BlackBerry instant messaging client

BBM Enterprise (abbreviated as BBMe) is a centralized instant messaging client provided by Canadian company BlackBerry. BBMe is marketed as a secure messenger with end-to-end encryption.

BBMe was launched in 2014 as BBM Protected based on a revamped version of BBM (BlackBerry Messenger), the company's consumer-oriented instant messenger.

The service consists of group chats, voice and video calls. Unlike its predecessor, BBMe is not entirely free, lasting for a year before costing $2.49 for six months and requires a BlackBerry Unified Endpoint Manager (UEM) client.

==BBMe for Personal Use==
Initially offered only for enterprise customers, BBMe was opened up to all customers as BBMe for Personal Use in 2019 after the shutting down of the older consumer BlackBerry Messenger service.

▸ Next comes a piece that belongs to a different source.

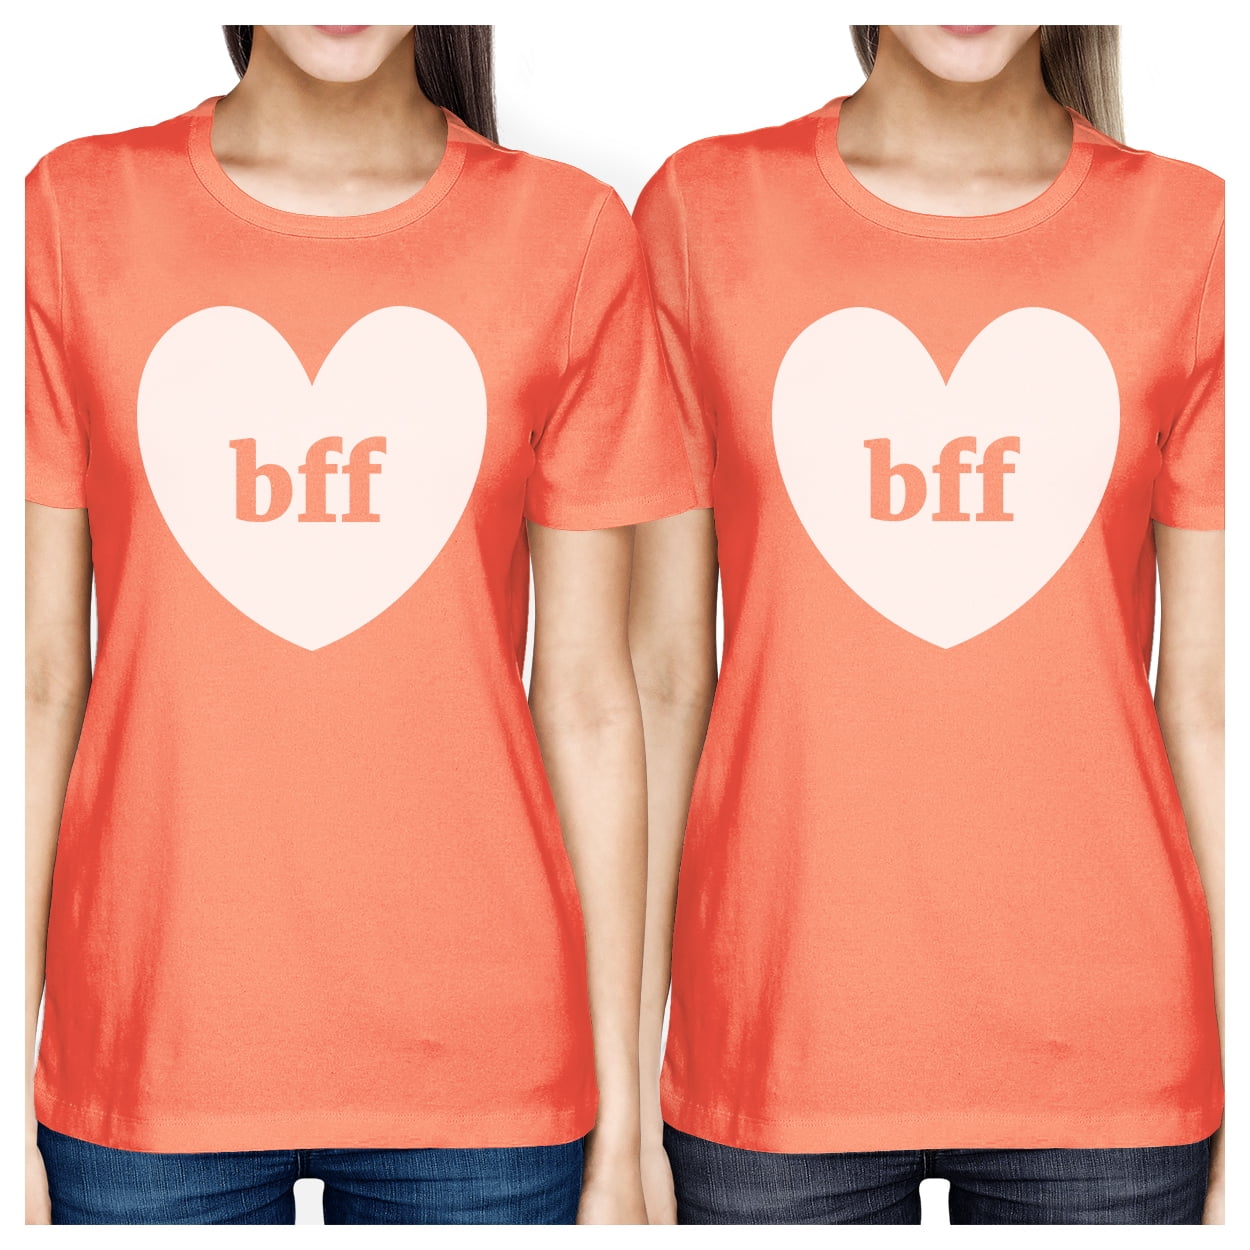 bff-hearts-bff-matching-peach-shirts-walmart

On 1 May 2024, BBMe for Personal Use users were notified of their service's discontinuation effective 1 Nov 2024. The service was shut down in November 2024.

==System and software==
From the client to server, messages in BBMe are encrypted using TLS. Each message has its own random encryption public and private key. It uses a FIPS 140-2 certified cryptographic library for generating the keys. According to BlackBerry Ltd., BBMe complies with the following standards:

- Digital signature FIPS 186-4
- AES symmetric encryption standard FIPS 197
- HMAC standard FIPS 198-1 based on based on SHA2-256
- Cryptographic key generation standard NIST SP 800-133
- Secure Hash standard FIPS 180-4

In addition, it makes use of EC-SPEKE, KDF and One-Pass DH (all National Institute of Standards and Technology algorithm standards) with "256-bit equivalent security".